As a multi-language code generation base model, CodeGeeX2's coding capabilities have been greatly improved compared to the previous generation. The following are the evaluation results on the HumanEval, HumanEval-X, and DS1000 benchmarks (the definition of the evaluation indicator Pass@k is consistent with the paper ) :

HumanEval (Pass@1,10,100)

Model	Pass@1	Pass@10	Pass@100	Introduction	company
CodeGen-16B-multi	19.2	34.6	55.2	Open source	Saleforce
CodeGeeX-13B	22.9	39.6	60.9	Open source	Tsinghua University
Codex-12B	28.8	46.8	72.3	Descendants of GPT-3, not open source	OpenAI
CodeT5Plus-16B-mono	30.9	51.6	76.7	Open source	Saleforce
Code-Cushman-001	33.5	54.3	77.4
LLaMA-65B	23.7	-	79.3
LLaMA2-70B	29.9	-	-
CodeGen2.5-7B-mono	33.4	58.4	82.7	Open source	Saleforce
StarCoder-15B	33.2	61.0	84.7		BigCode
CodeGeeX2-6B	35.9	62.6	88.3	Open source	Tsinghua University

Pass@1 is used n=20, t=0.2, top_p=0.95; Pass@10, Pass@100 is used n=200, t=0.8, top_p=0.95.

HumanEval-X (Pass@1)

Model	Python	C++	Java	JavaScript	Go	Rust	Overall
CodeGen-16B-multi	19.2	18.1	15.0	18.4	13.0	1.8	14.2
CodeGeeX-13B	22.9	17.1	20.0	17.6	14.4	4.3	16.0
Replit-code-v1-3B	22.0	20.1	20.1	20.1	12.2	8.6	17.2
CodeGen2.5-7B-multi	30.6	24.3	29.0	27.5	18.9	20.1	25.1
StarCoder-15B	35.5	28.2	31.5	33.2	21.3	17.8	27.9
CodeGeeX2-6B	35.9	29.3	30.8	32.2	22.5	18.1	28.1

Pass@1 is used n=20, t=0.2, top_p=0.95.

scripts/run_humanevalx.shThe above results can be reproduced using scripts . For environment configuration and description, see the evaluation environment .

DS1000 (Pass@1)

Model	Matplotlib	Numpy	Pandas	Pytorch	SciPy	Scikit-learn	TensorFlow	Overall
# Samples	155	220	291	68	106	115	45	1000
CodeGen-16B-Mono	31.7	10.9	3.4	7.0	9.0	10.8	15.2	11.7
code-cushman-001	40.7	21.8	7.9	12.4	11.3	18.0	12.2	18.1
Codex-001	41.8	26.6	9.4	9.7	15.0	18.5	17.2	20.2
CodeGeeX2-6B	40.5	25.5	14.5	17.3	19.3	24.0	23.0	23.1
StarCoder-15B	51.7	29.7	11.4	21.4	20.2	29.5	24.5	26.0
Codex-002	57.0	43.1	26.5	41.8	31.8	44.8	39.3	39.2

Pass@1 is used n=40, t=0.2, top_p=0.5.

The above results can be reproduced using the DS1000 evaluation code .
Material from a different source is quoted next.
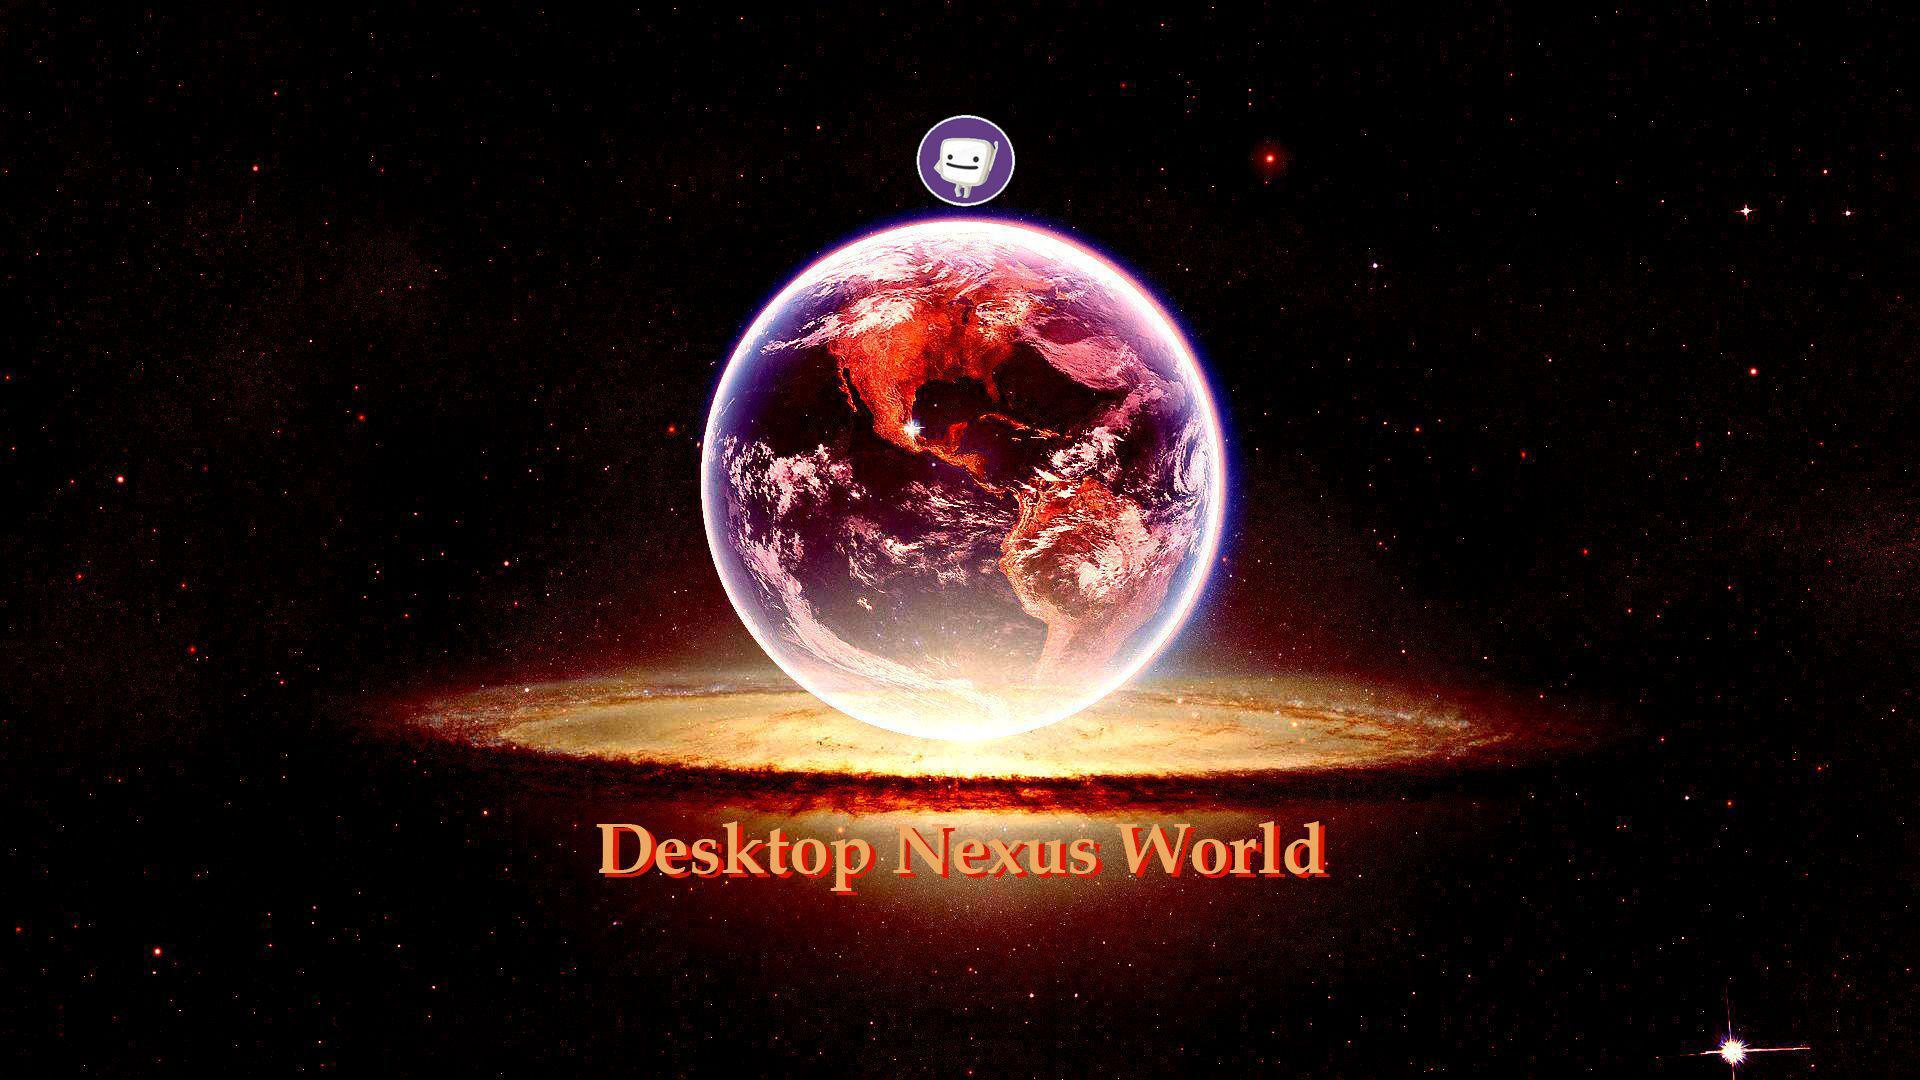 Desktop Nexus HD Desktop Wallpaper for Widescreen, High
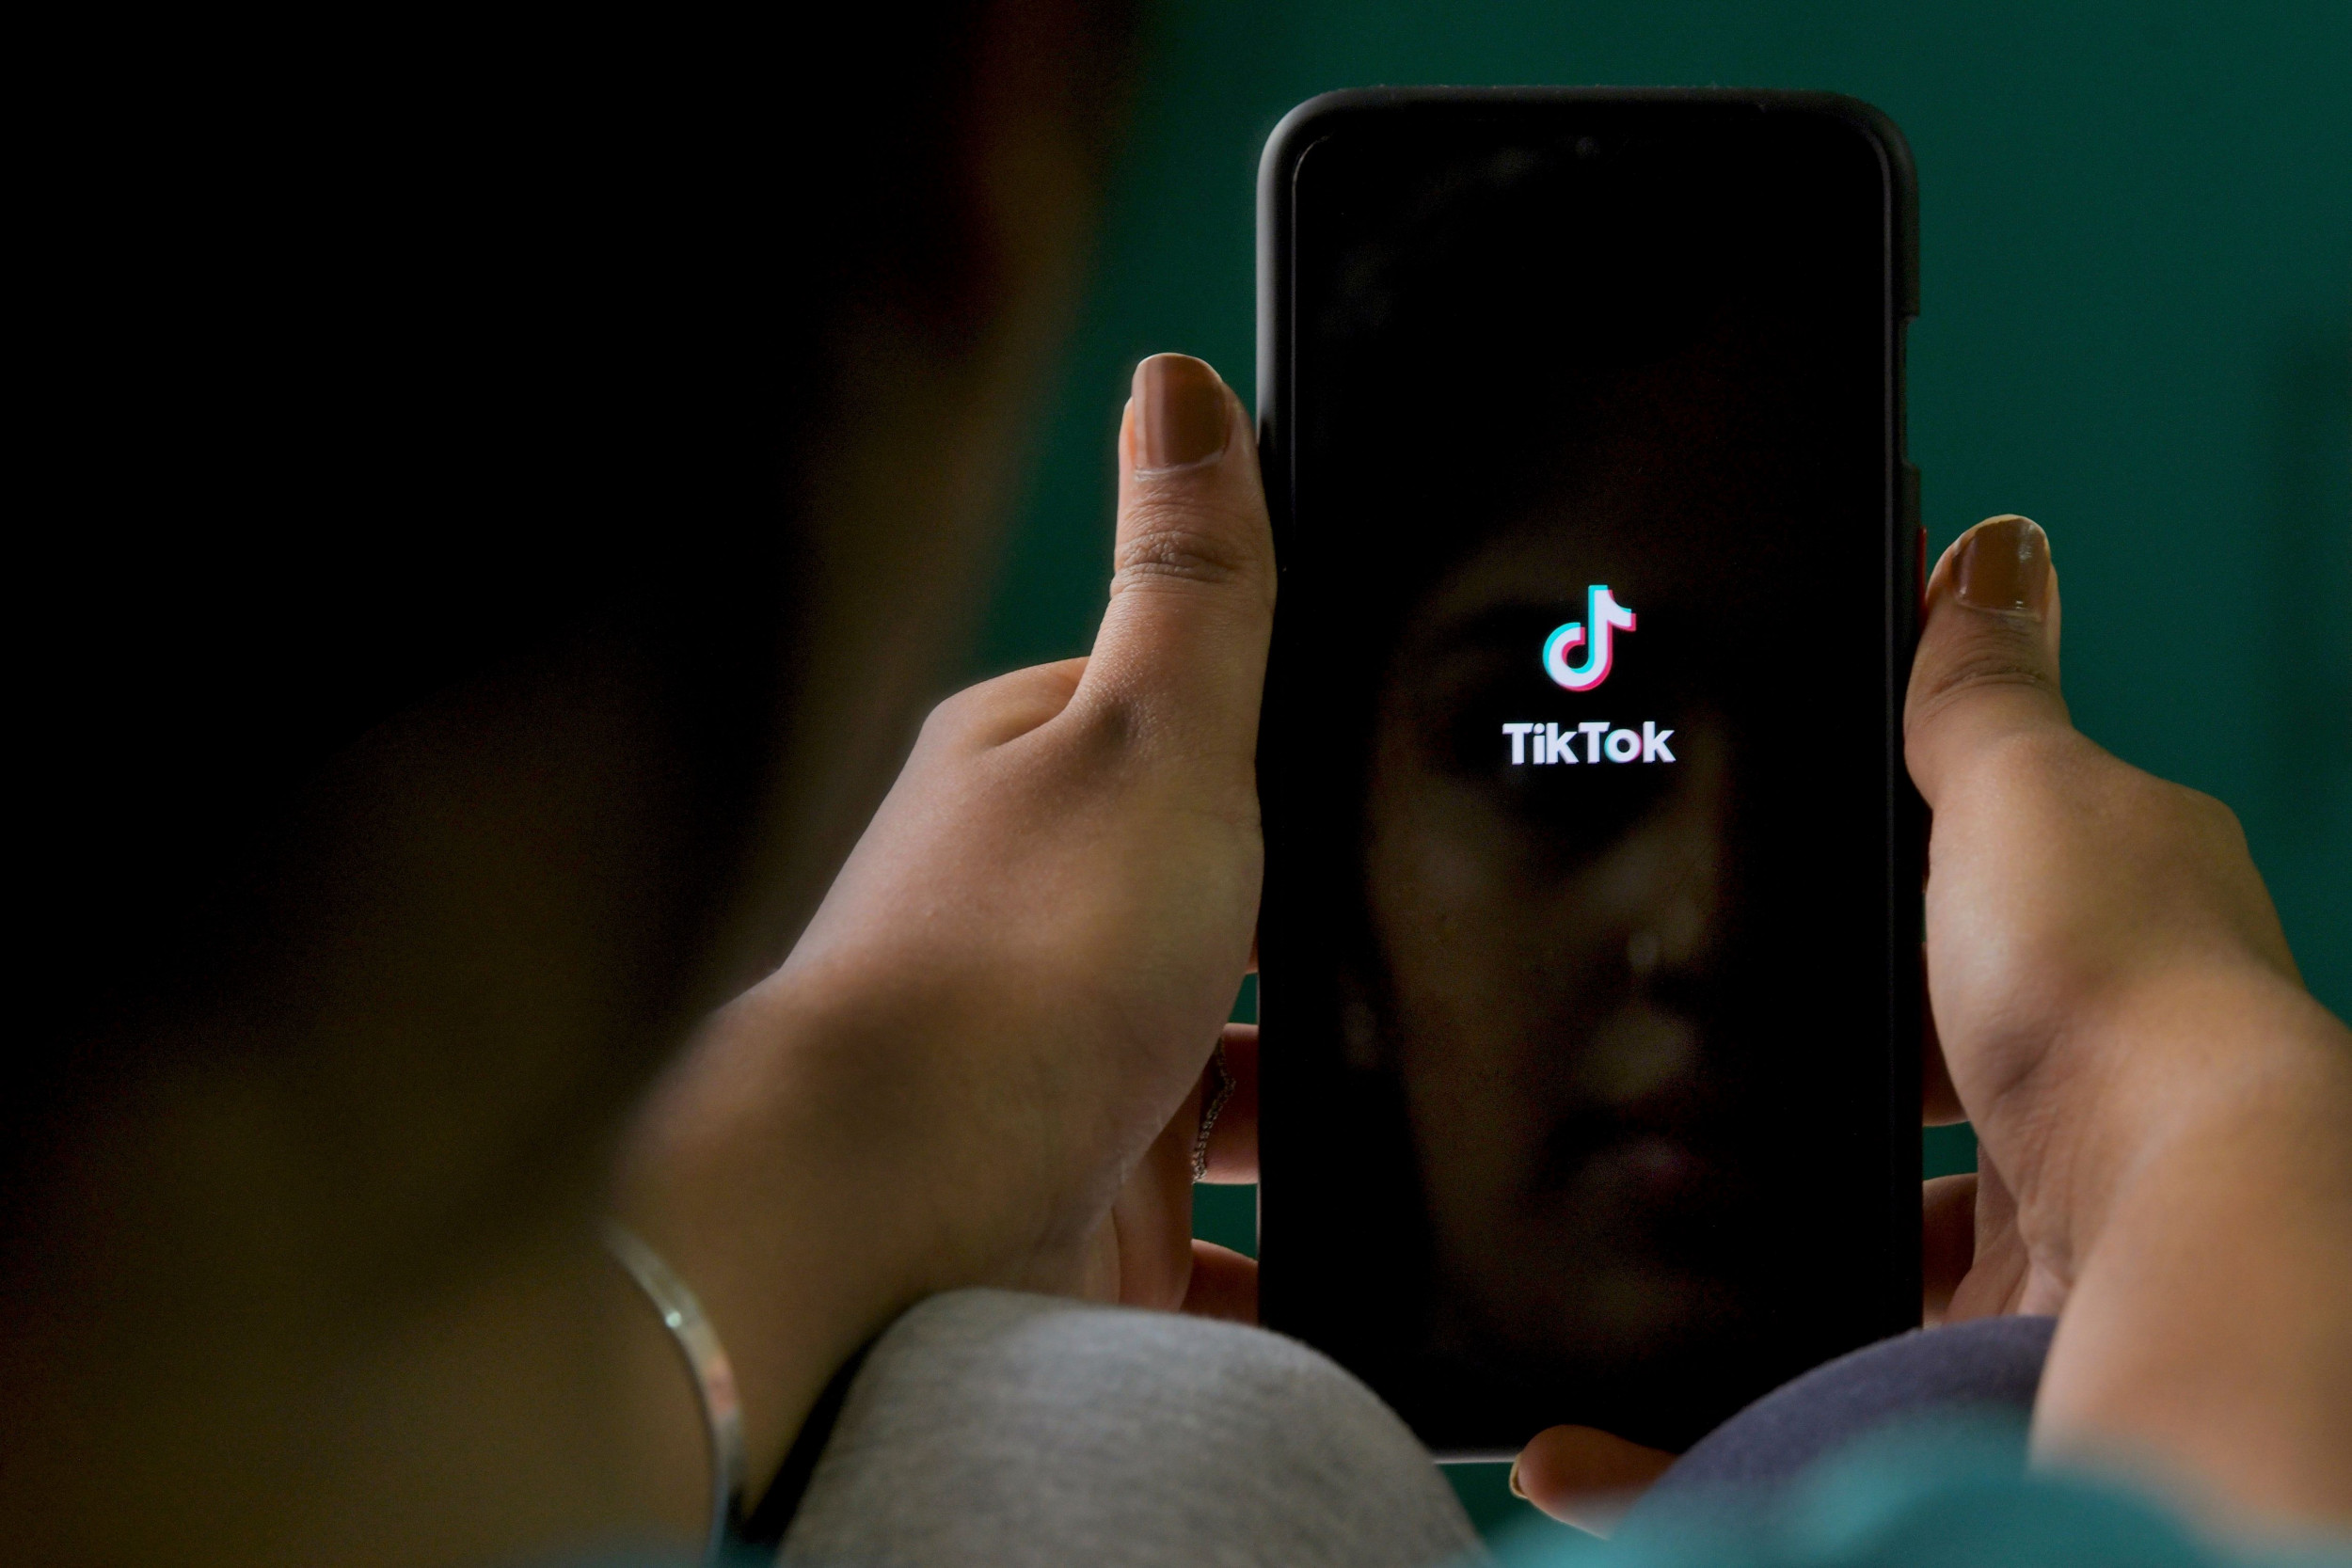 Dy vajzat e reja humbën jetën nga sfida në TikTok, familjarët padisin kompaninë: Investojnë në përmbajtje të rrezikshme

Quantify inference performance

CodeGeeX2 is more deployment-friendly than the previous generation. Thanks to the use of Multi-Query Attention and Flash Attention, inference is faster and only requires 6GB of video memory to run after quantization:

Quantify

Model	FP16/BF16	INT8	INT4
CodeGeeX-13B	26.9 GB	14.7 GB	-
CodeGeeX2-6B	13.1 GB	8.2 GB	5.5 GB

Based on PyTorch 2.0 test, torch.nn.functional.scaled_dot_product_attentionefficient Attention calculation is implemented.

reasoning

Model	Inference speed (characters/second)
CodeGeeX-13B	32
CodeGeeX2-6B	94

batch_size=1, max_length=2048, all use the acceleration framework, and the test hardware is GeForce RTX-3090.